What Causes A Poor Hair Transplant End Result And Strategies Of Prevention & Correction

What Causes A Poor Hair Transplant End Result And Strategies Of Prevention & Correction

With increased knowledge, experience, improved technique, aesthetic awareness, and the dissemination of information by way of the conferences, literature, and the inclusion of hair transplant procedure in training programs, the general quality of hair transplant surgical procedure has vastly elevated in recent years. Outcomes considered good years ago won't prove settle forable by as we speak's standards. Still, because of the increased number of procedures being performed and the increased number of Surgeons performing them, poor outcomes continue to be a problem. This article outlines among the causes of poor outcomes and discusses the assorted methods of prevention and correction.

Poor Results because of Patient Selection

Surgical procedure Performed on Type I, II, or III

The usual problem is that grafts have been improperly placed in frontal recessions.

1. The only and often the most effective answer in these cases is just to remove the grafts and hope the remaining scars will be inconspicuous; if not, the affected person can cover them with styling.
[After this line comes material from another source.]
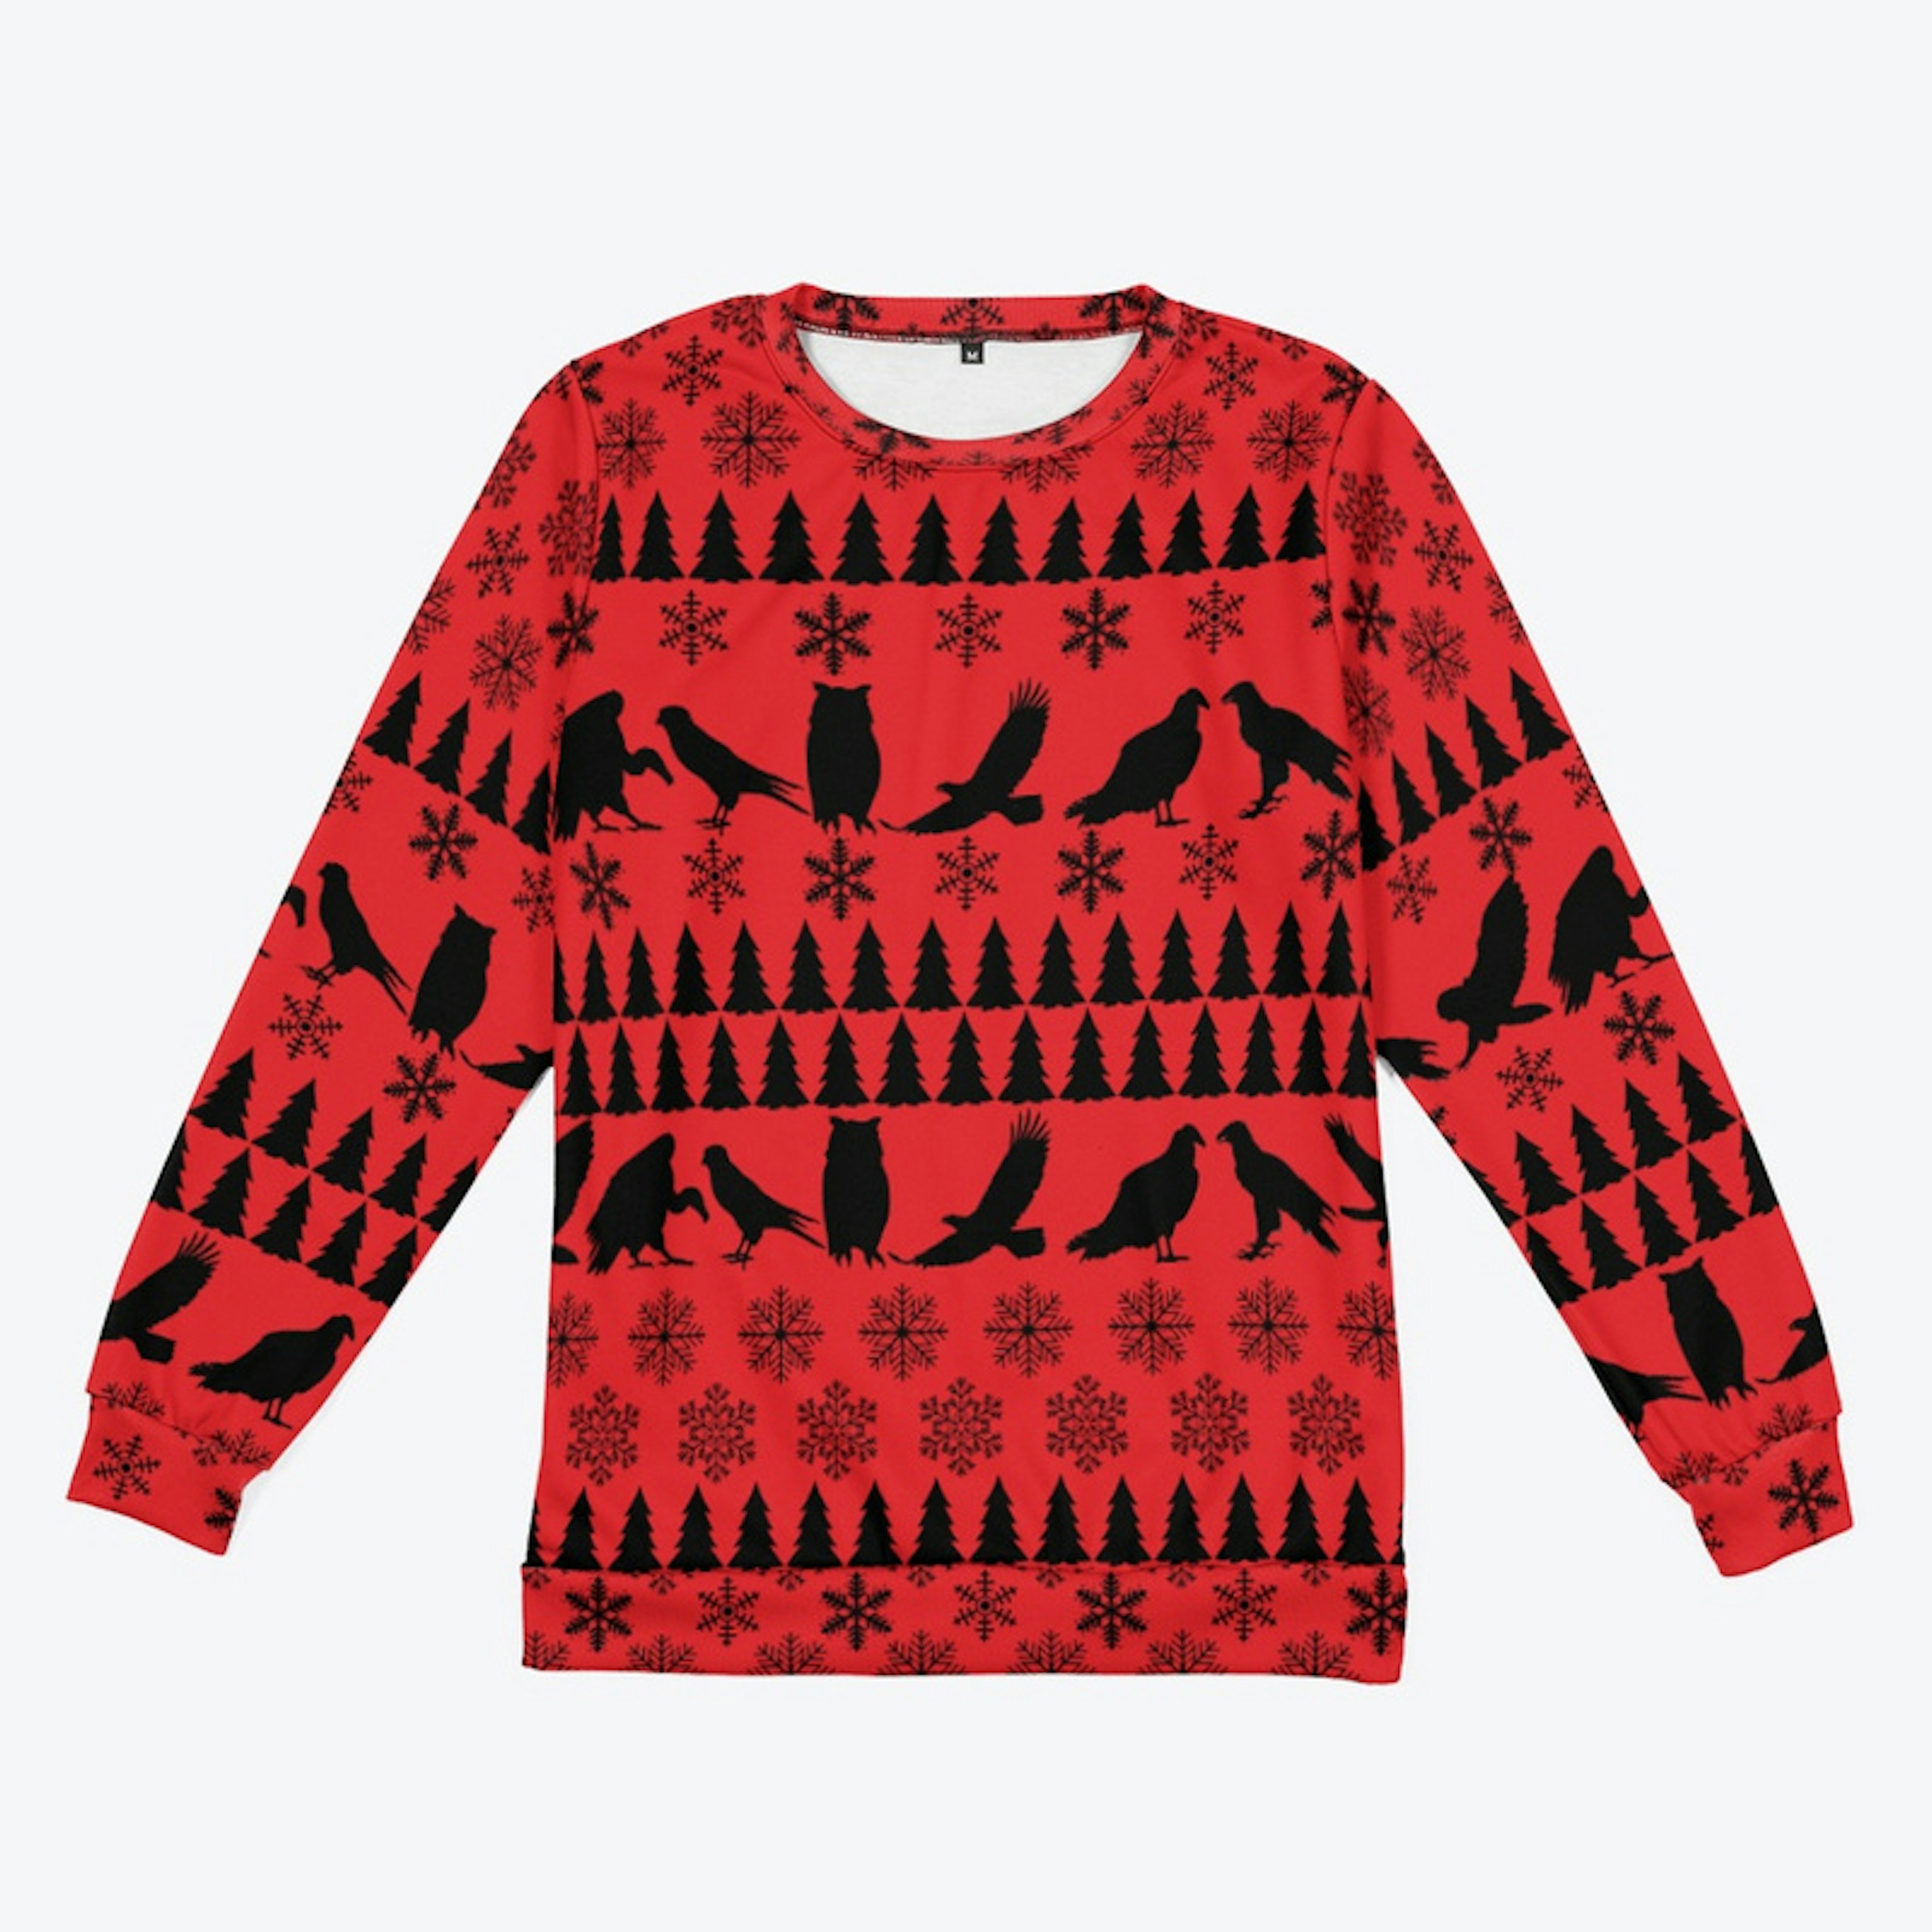 NOT Ugly Christmas Sweater
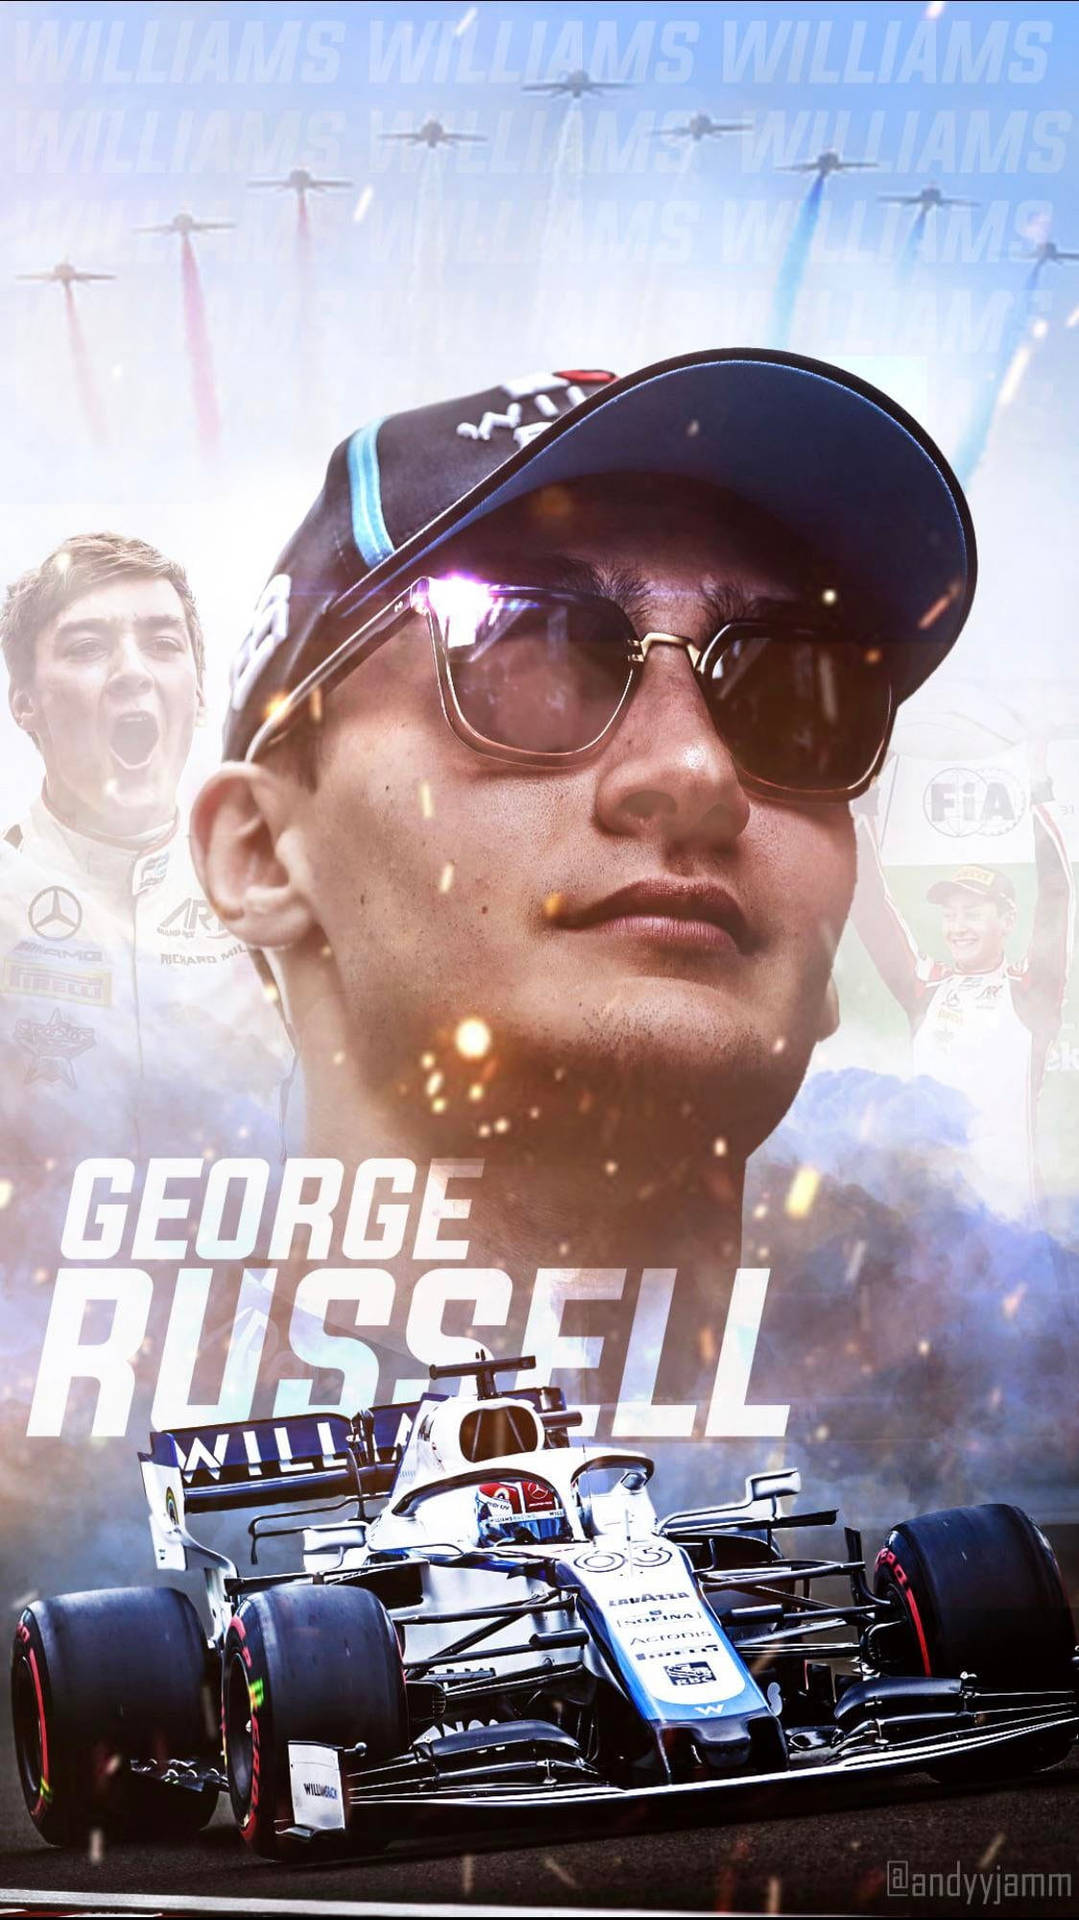 George Russell F1 Fanbearbeitung Wallpaper

2. Sometimes, if it seems that the removal of the grafts would cause an excessive amount of scar or if the design is acceptable sufficient, minor design modifications and filling in will create an settle forable result.

3. If the affected person is young and it seems that he will probably progress to a more extreme sample, then redesigning and filling in ought to be considered. More grafts could be added, and some could should be removed at the hairline. The same old factors in accepting or rejecting a patient ought to apply in these cases, e.g. eventual pattern, density of donor hair, quantity of hair progress in current grafts, hair coloration, and caliber.

Surgical procedure performed on Type VII

These patients may have grafts anywhere. There has normally been an try at creating a hairline. It will often be obvious whether or not additional grafts will help or if the grafts ought to be removed. There are three potential options to this problem.

1. If the grafts are reasonable, however donor area is exhausted, advise the patient that additional surgery would just be creating more beauty problems.

2. If the grafts are very unattractive, they should just be removed with the hope that the ensuing scars will be less obvious.

3. If the grafts comprise satisfactory hair, are well located, and there is donor hair remaining, it is feasible in some Type VIIs to add grafts and get an acceptable result.

One other possibility, if the patient is able to comb across, is to add grafts at the crown. The added grafts give the swept throughout hair something to connect to and keep it from lying flat on the bald skin, thus making styling simpler and improving the illusion of thicker, more dense hair.

These plans normally call for a specific coiffure, and the patient should be consulted and agree with the anticipated hairstyle prior to starting corrective surgery. If the patient is able to comb across with some success and the scalp is lax, scalp reduction will reduce the distance from one side to the opposite, making styling simpler, particularly in conjunction with additional grafts in essential areas.

A Poor Density

There's little that may be carried out for patients with poor density. They get so few hairs per graft that even with the most effective approach and careful design the result's usually not very good. The ultimate answer, as as to if to add more grafts or remove the prevailing grafts, is determined by how unattractive the grafts are and how conspicuous the scars will be if removed.

Mistakes in Planning & Design

Improper Hairline Placement

Improper hairline placement is likely one of the most typical causes of affected person dissatisfaction. There are, after all, any number of doable improper designs, e.g. Hairline too flat, hairline too far back, hairline too far forward, and hairline coming down too far on the temples. If reconstruction seems conceivable, each effort must be made to save as many grafts as attainable and use additional grafts where they are needed. A number of the grafts that must be removed will be transplanted to different areas. Normally, not all of the hair survives, however most of it will. Grafts with only a couple of hairs should probably just be discarded.